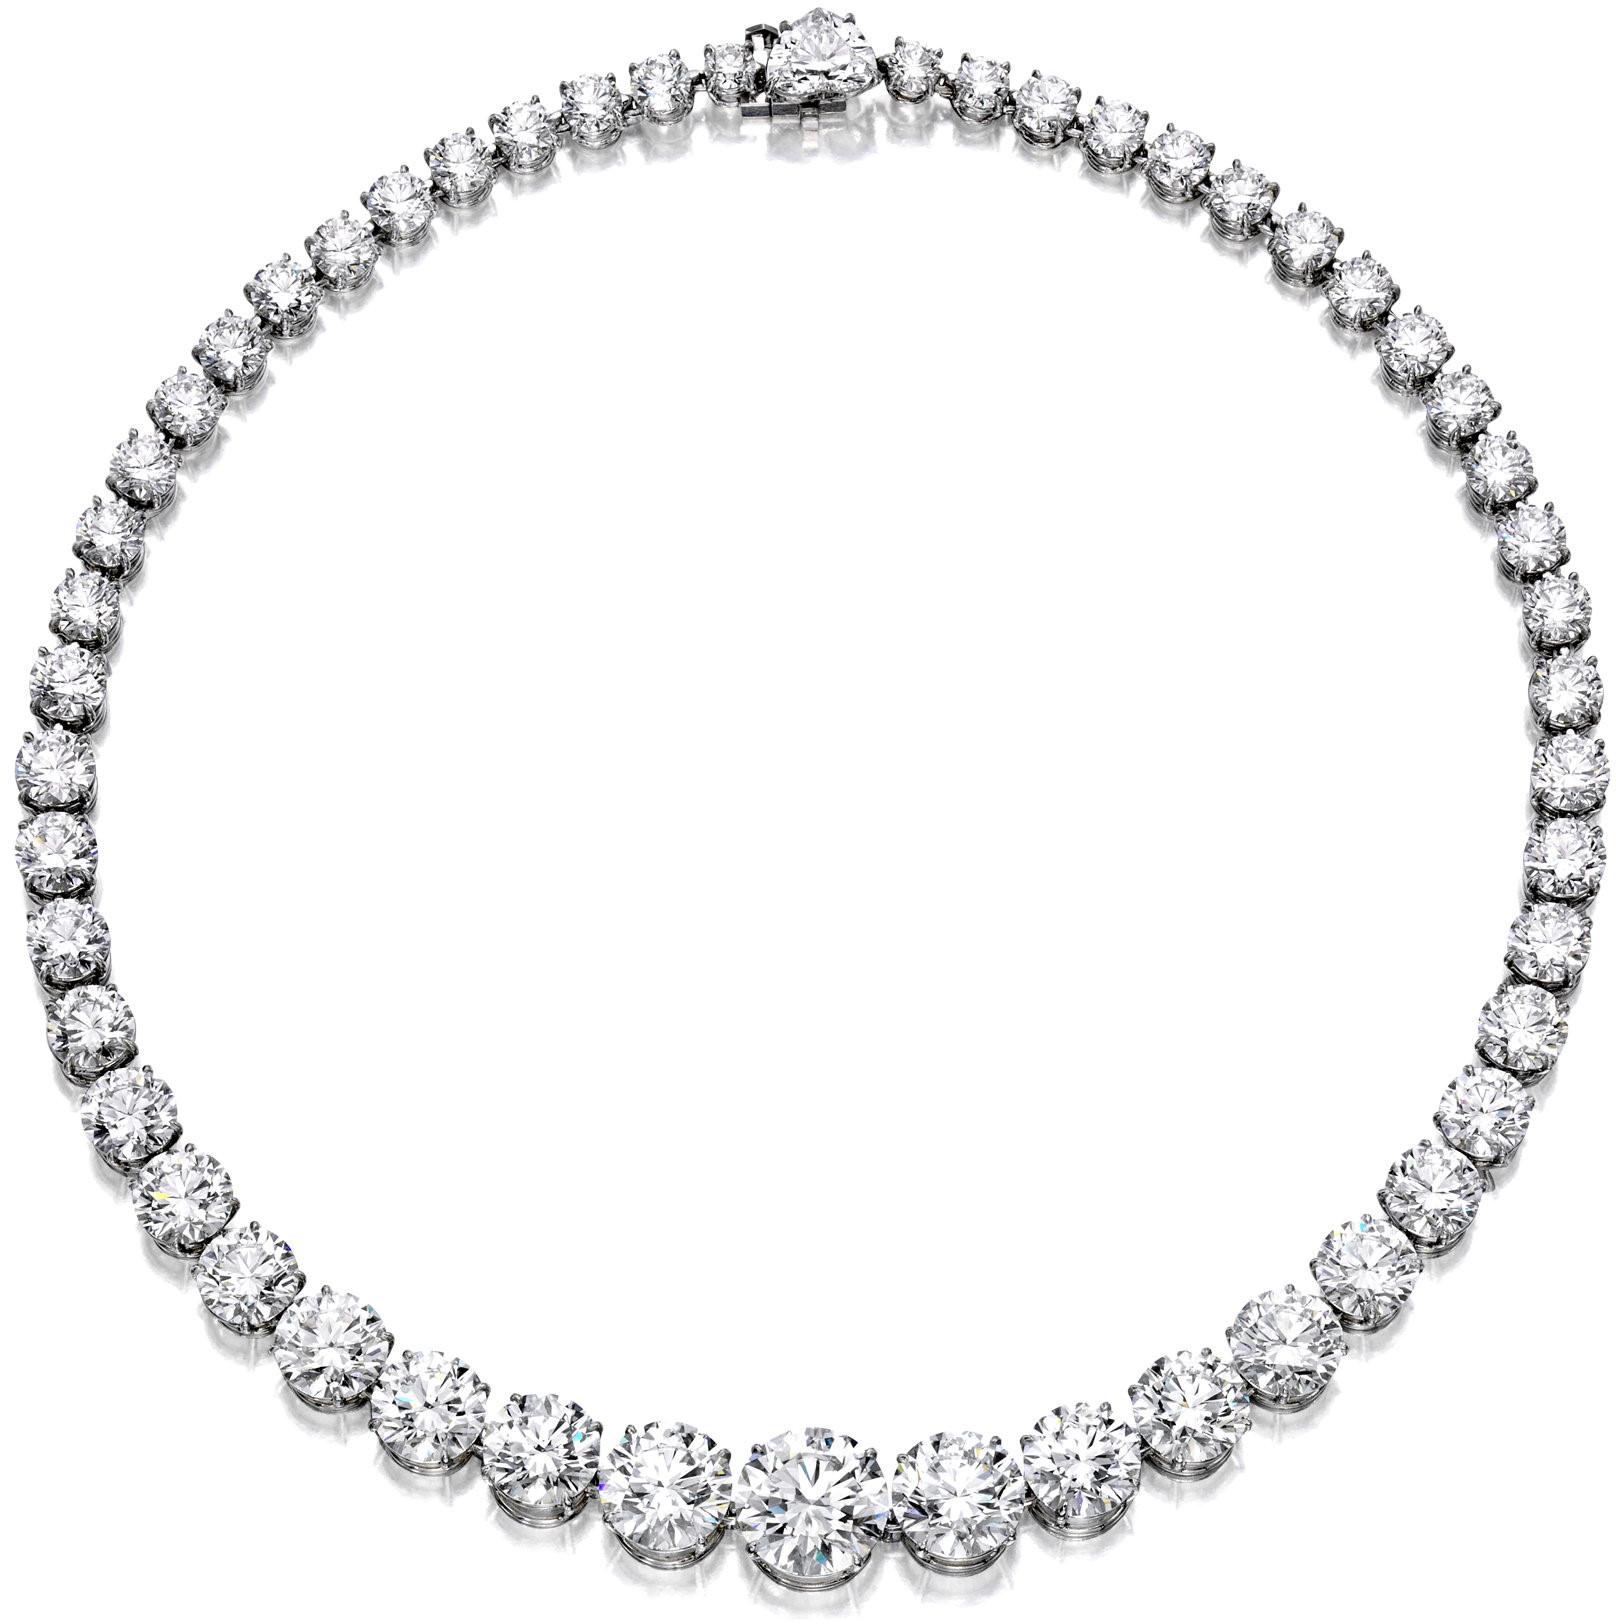 Bonhams'  $1.2 mil. 79.2 ct. triple-x cut diamond necklace
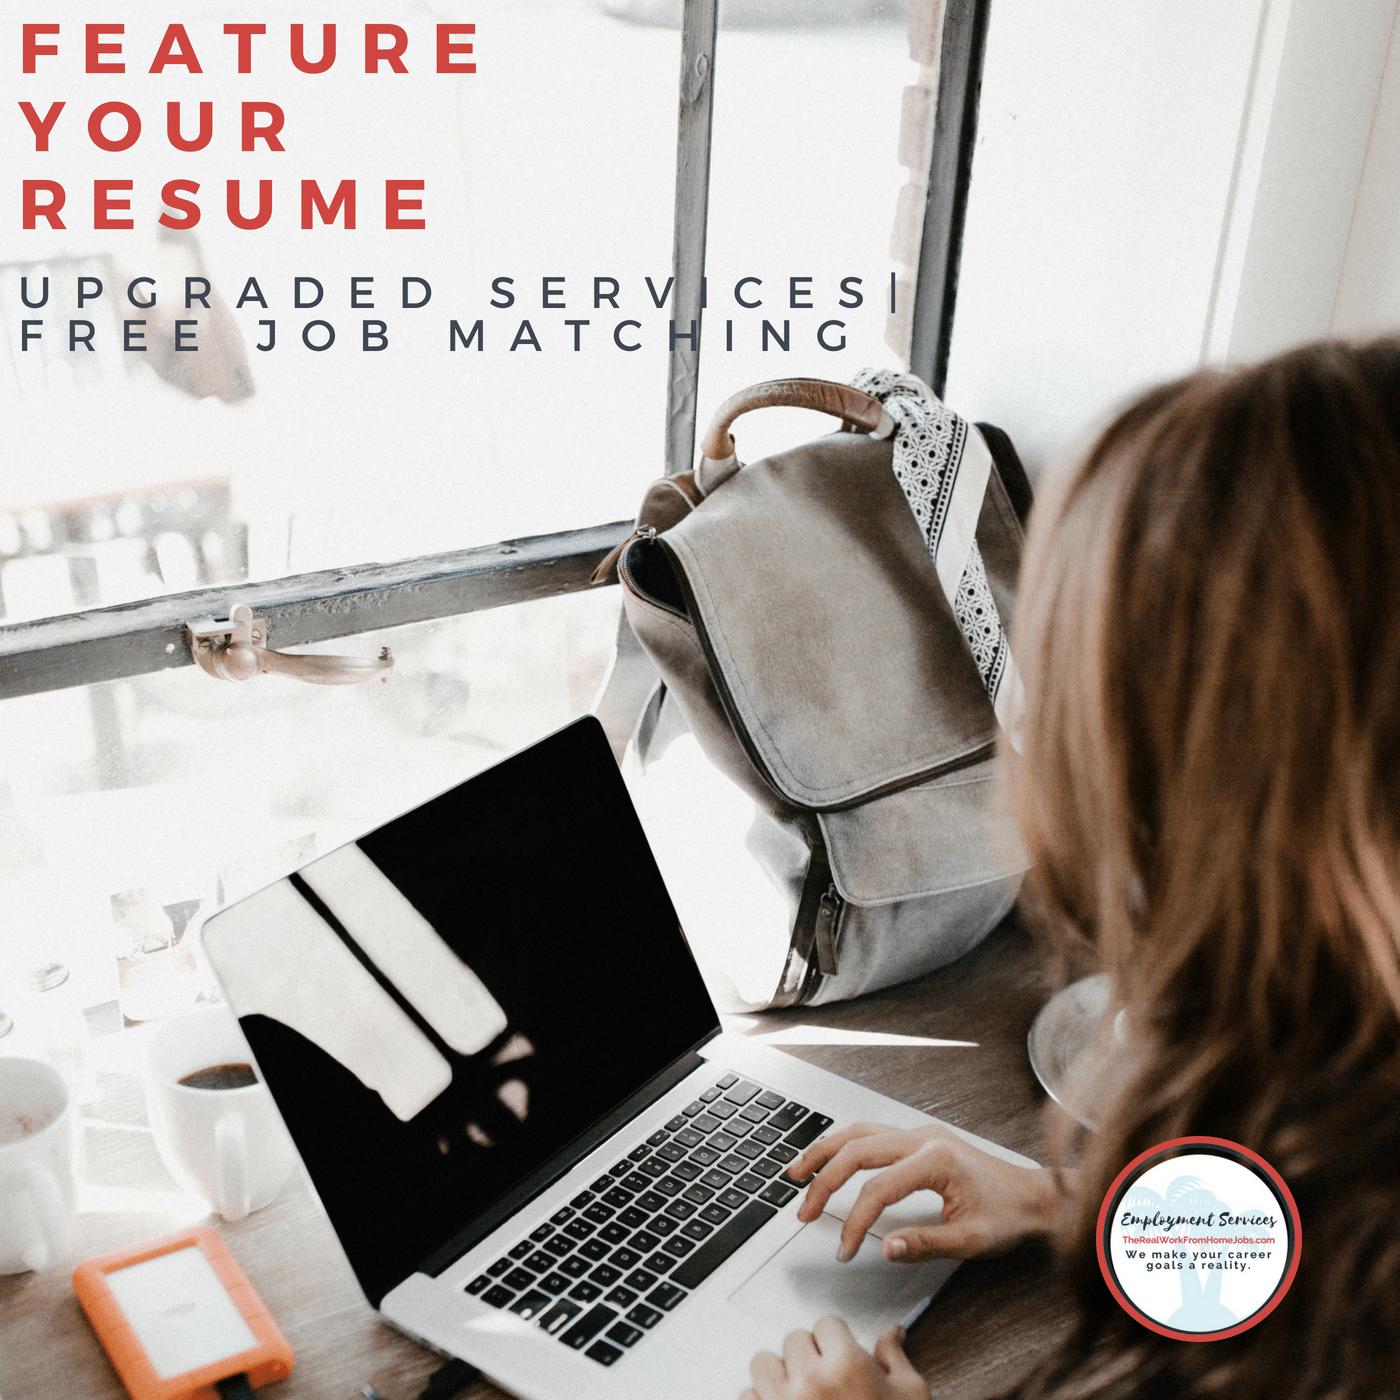 Featured Resume Resume, Easy online jobs, Transcription
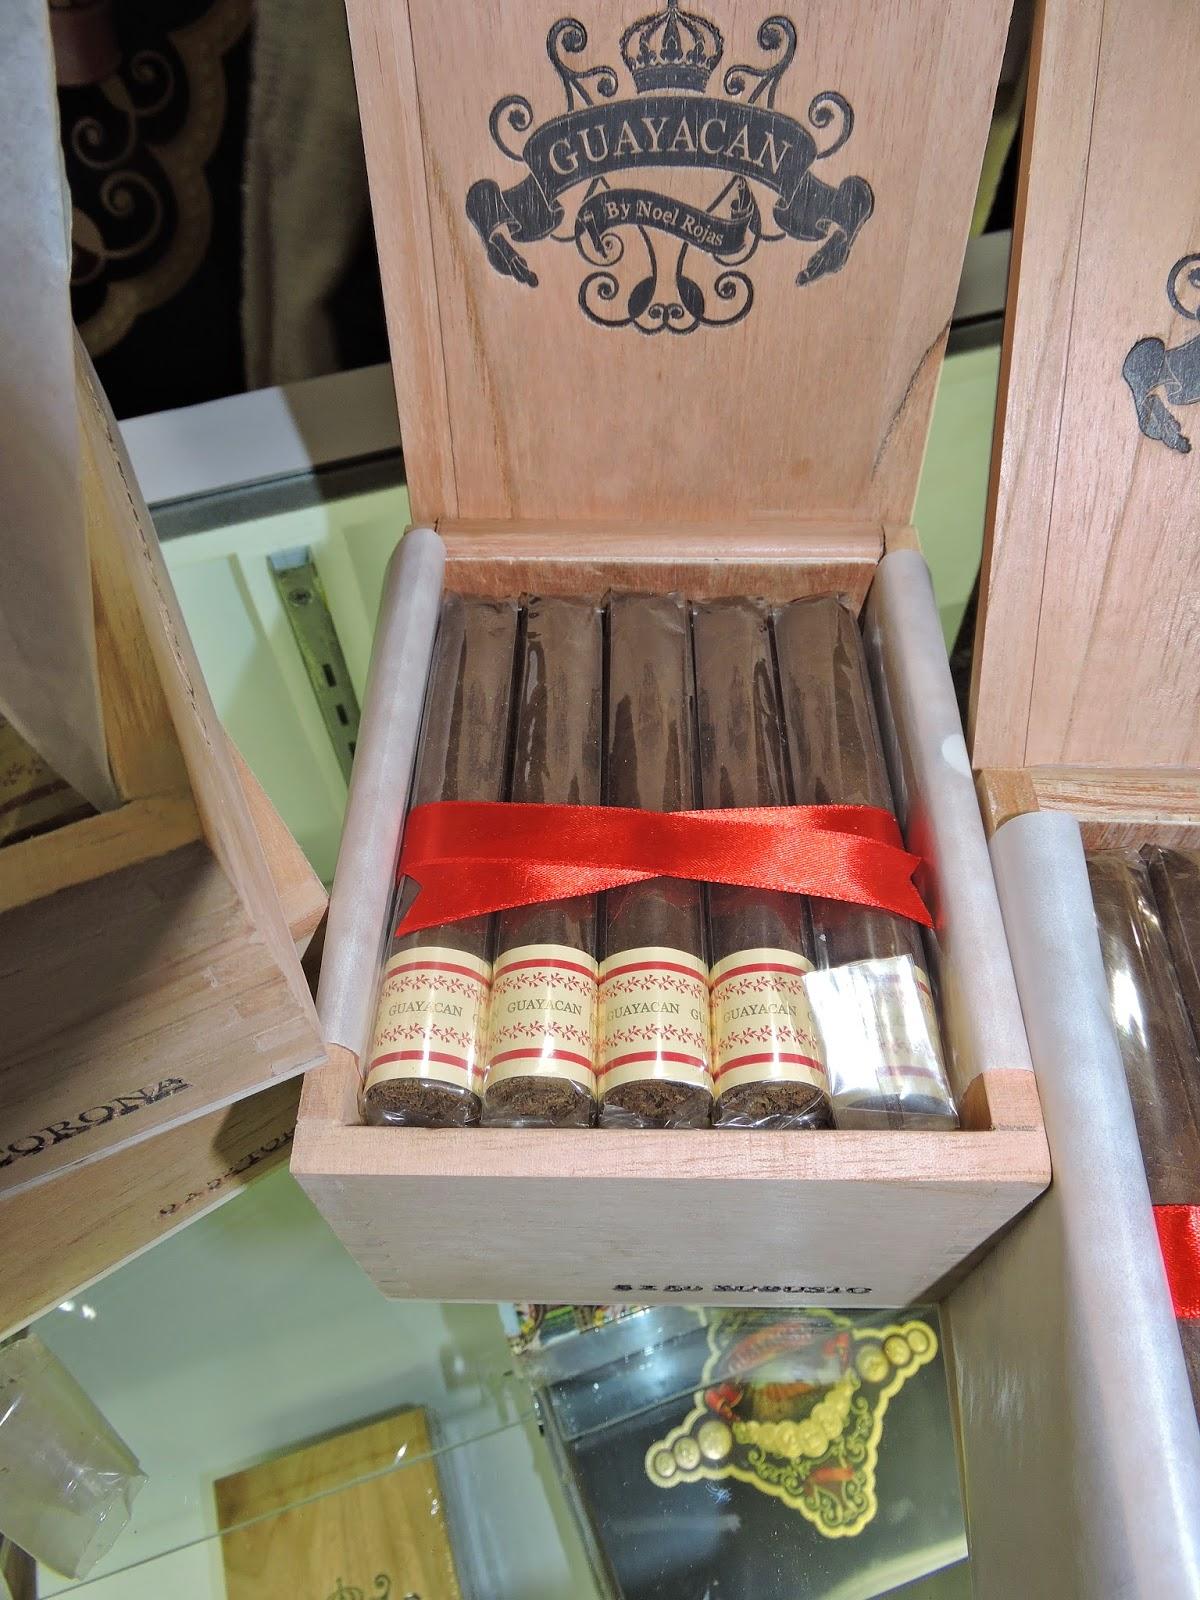 Cigar News: Guayacan Maduro (Cigar Preview)

═══

## [Required work]
Every line between the one containing "Featured Resume Resume, Easy" and the last line of the data above, both included, should be copied exactly, but not the pictures.

## [Written reply]
 Featured Resume Resume, Easy online jobs, Transcription
 Cigar News: Guayacan Maduro (Cigar Preview)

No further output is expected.